▶ [What is expected] Give back every line of the material below exactly, but no images.

▶ [Supplied information]
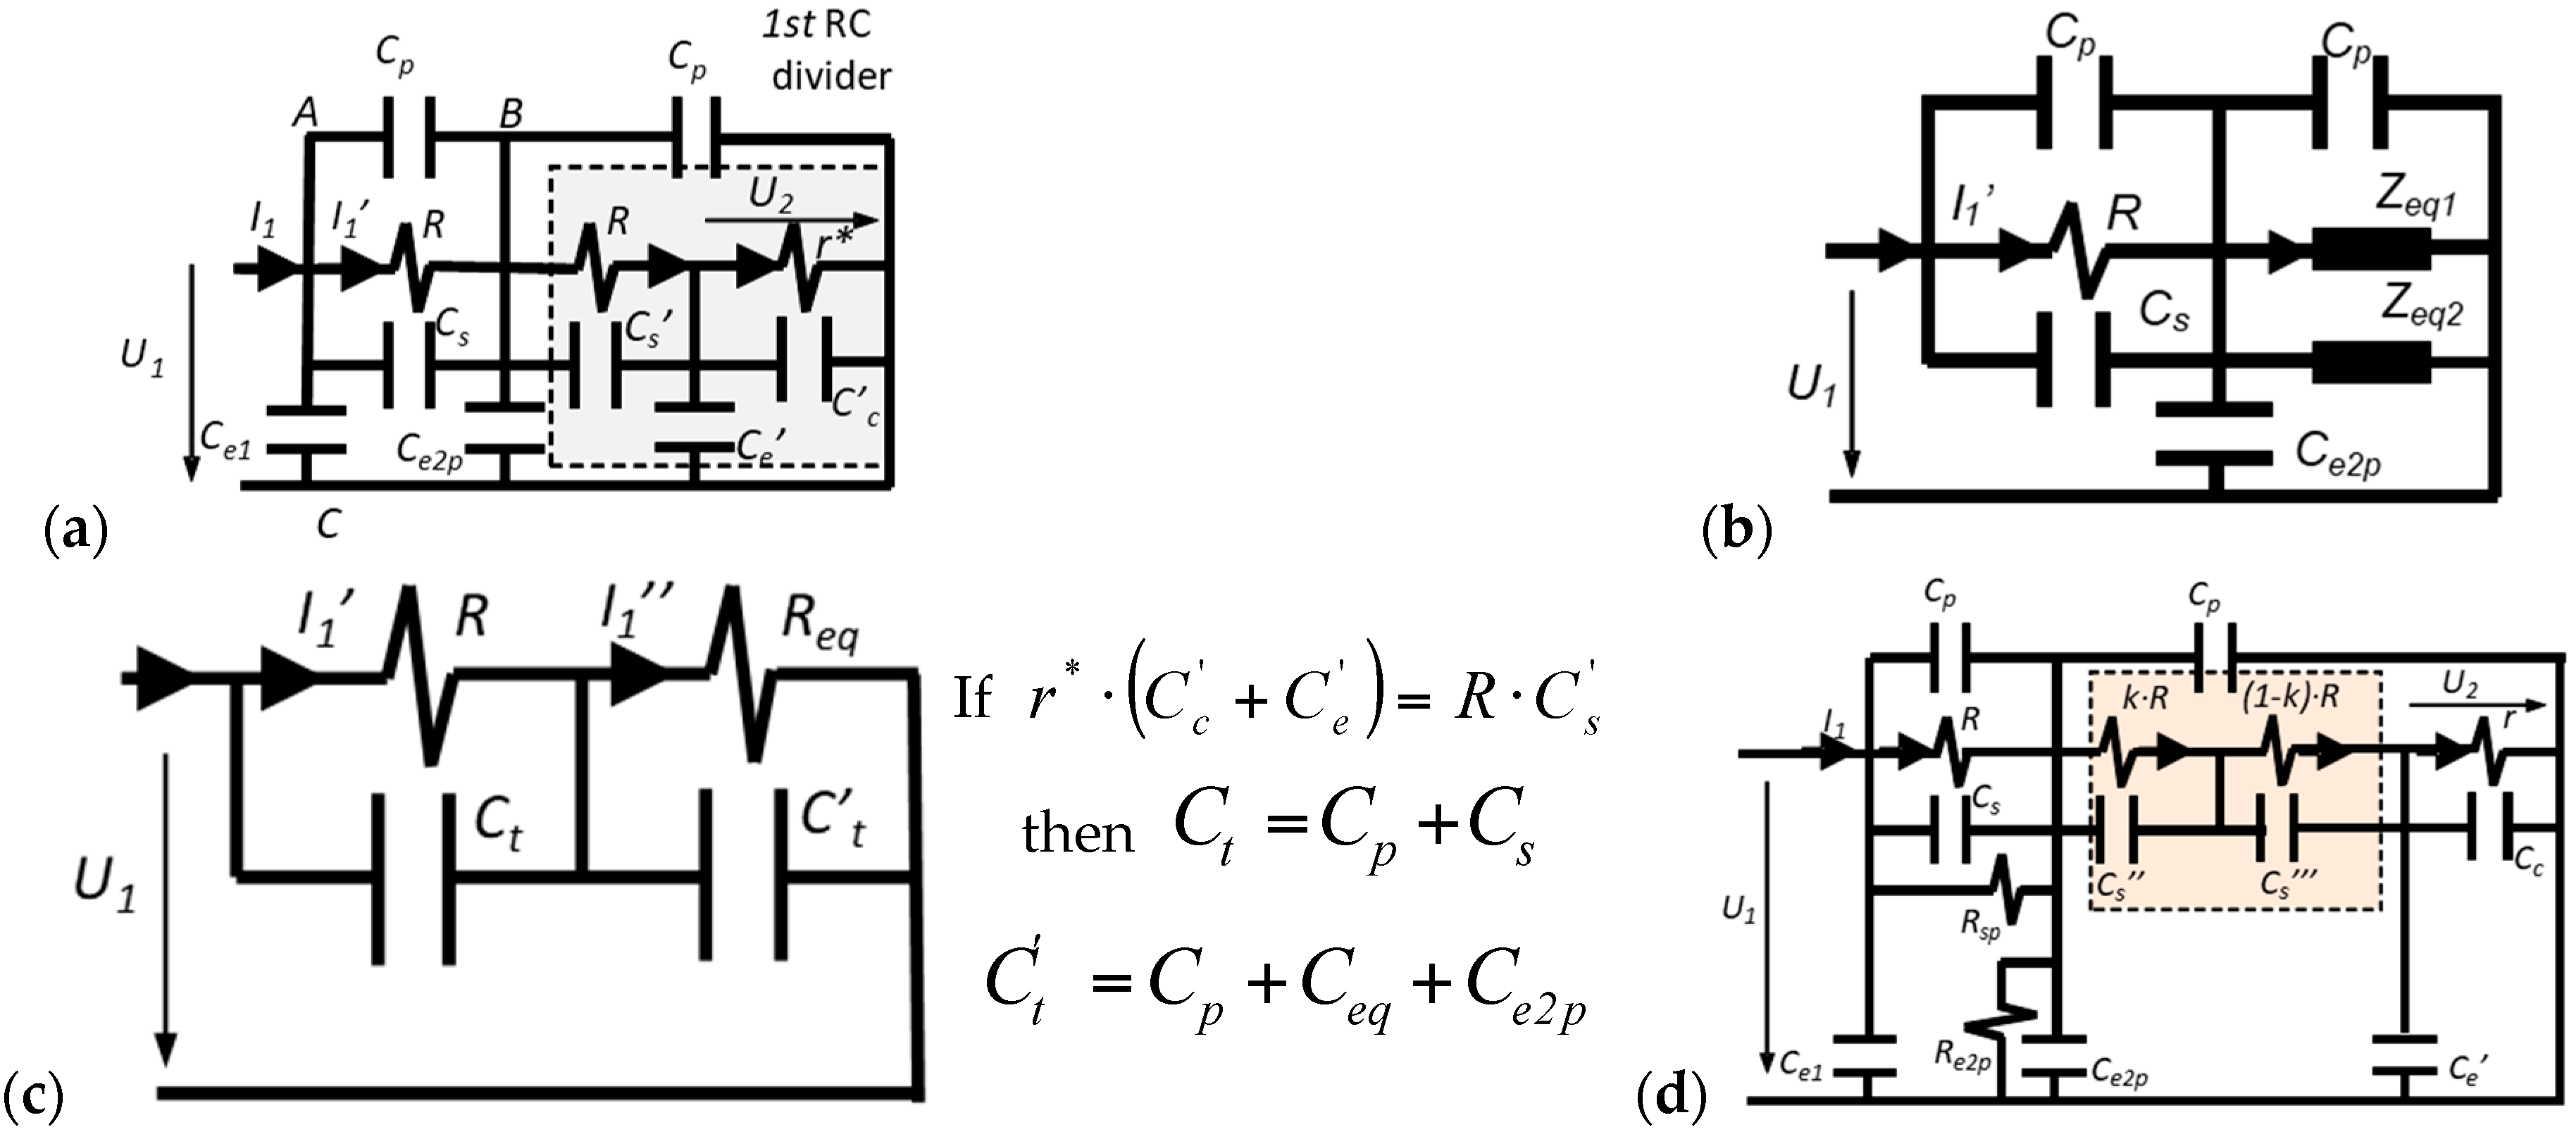 Sensors Free Full Text The Design And Characterization Of A Prototype Wideband Voltage Sensor Based On A Resistive Divider Html
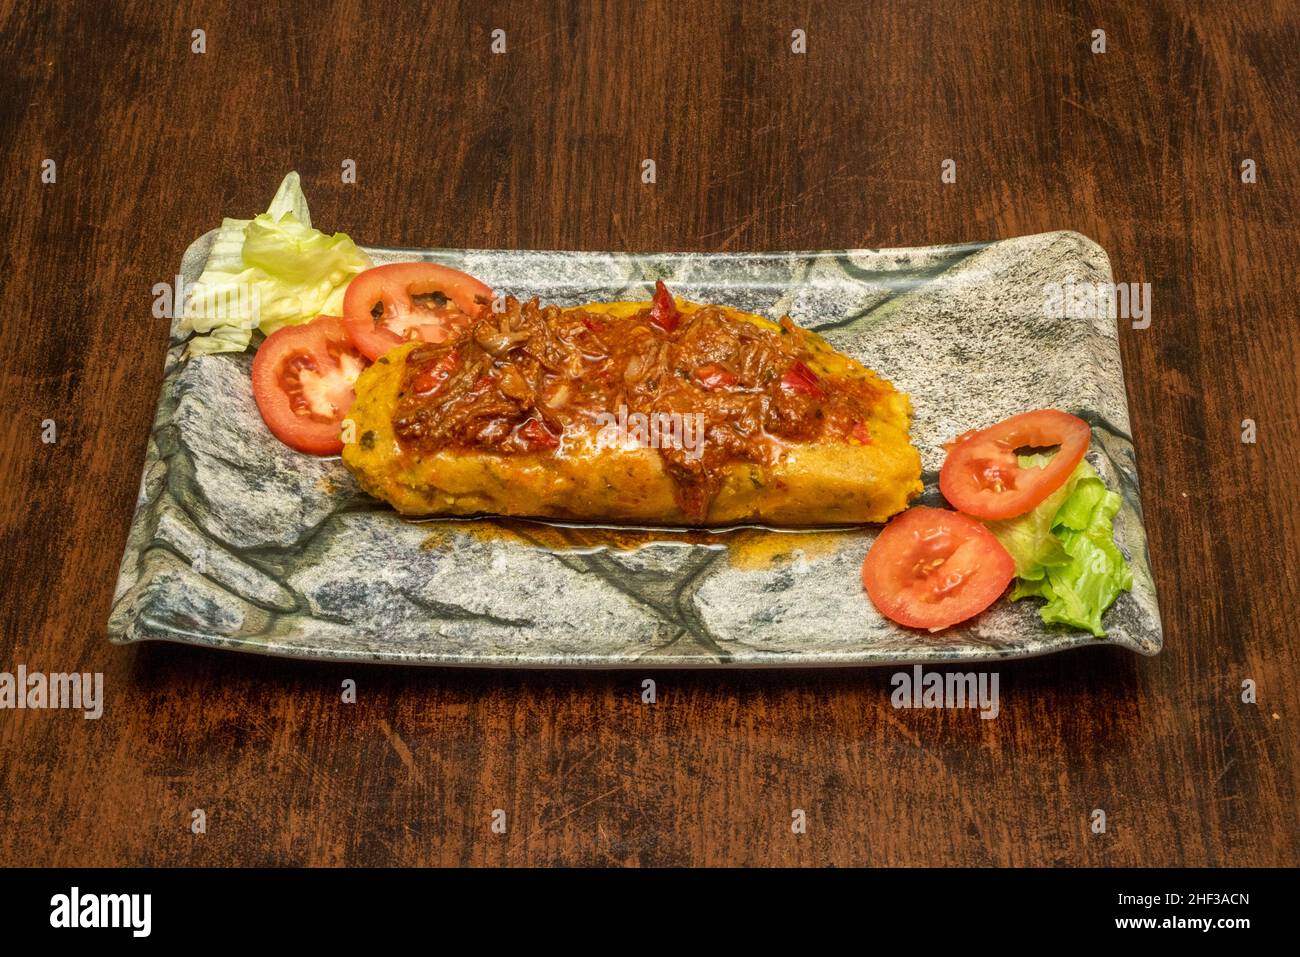 The tamale is a food of pre-Columbian origin, of Mesoamerican cultures, generally prepared based on corn dough or rice stuffed with meats, vegetables, Stock Photo
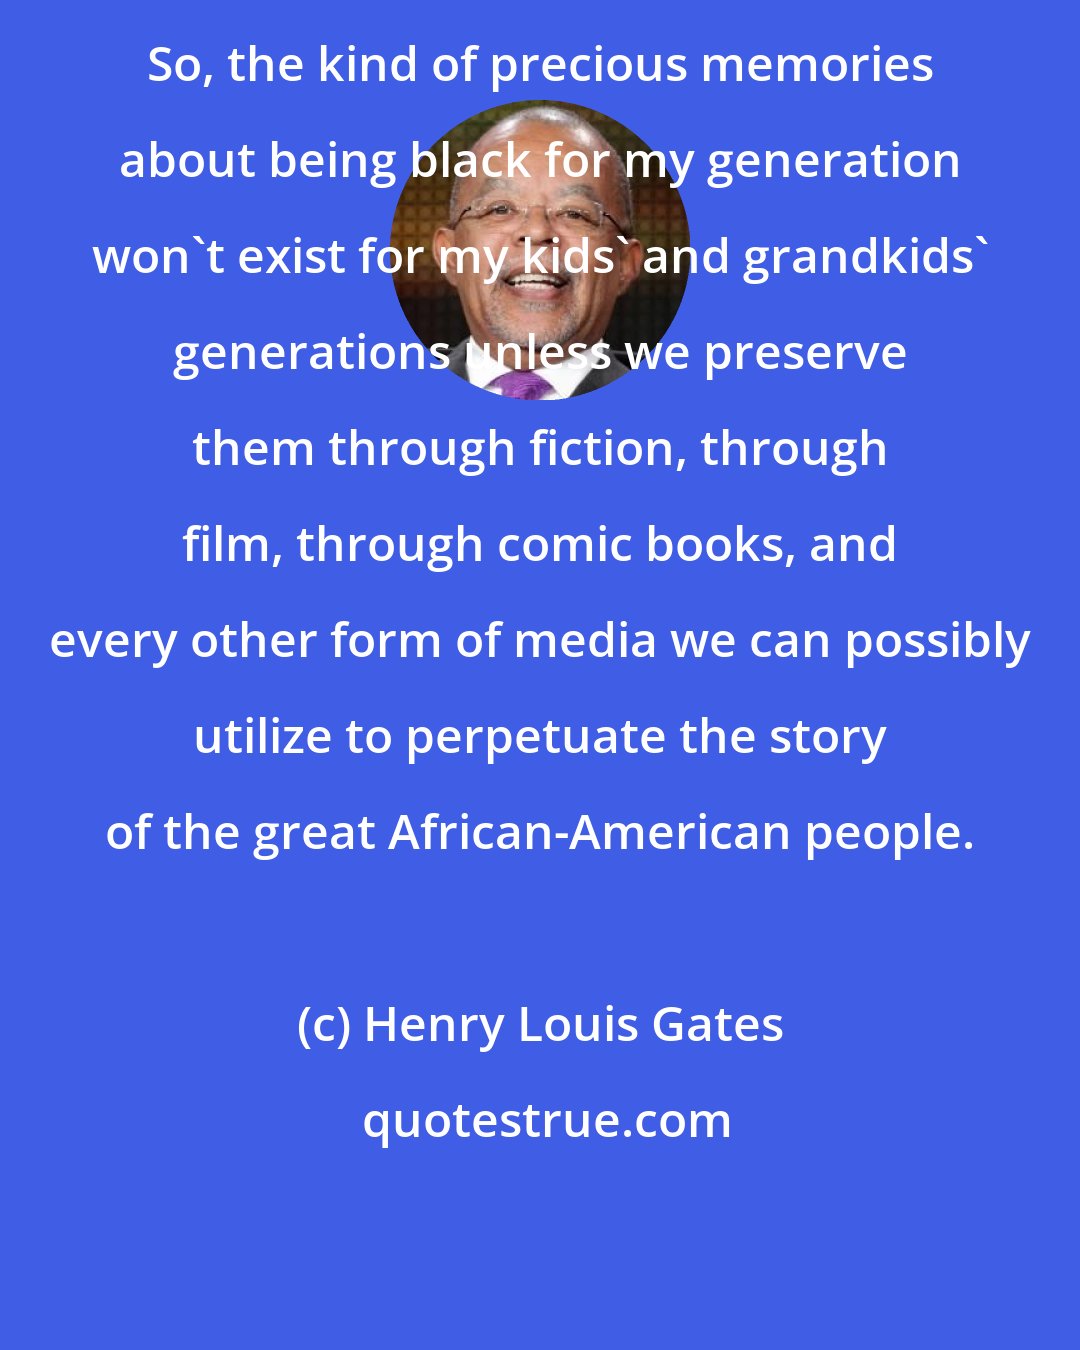 Henry Louis Gates: So, the kind of precious memories about being black for my generation won't exist for my kids' and grandkids' generations unless we preserve them through fiction, through film, through comic books, and every other form of media we can possibly utilize to perpetuate the story of the great African-American people.

▶ [Written solution]
 Sensors Free Full Text The Design And Characterization Of A Prototype Wideband Voltage Sensor Based On A Resistive Divider Html
 The tamale is a food of pre-Columbian origin, of Mesoamerican cultures, generally prepared based on corn dough or rice stuffed with meats, vegetables, Stock Photo
 Henry Louis Gates: So, the kind of precious memories about being black for my generation won't exist for my kids' and grandkids' generations unless we preserve them through fiction, through film, through comic books, and every other form of media we can possibly utilize to perpetuate the story of the great African-American people.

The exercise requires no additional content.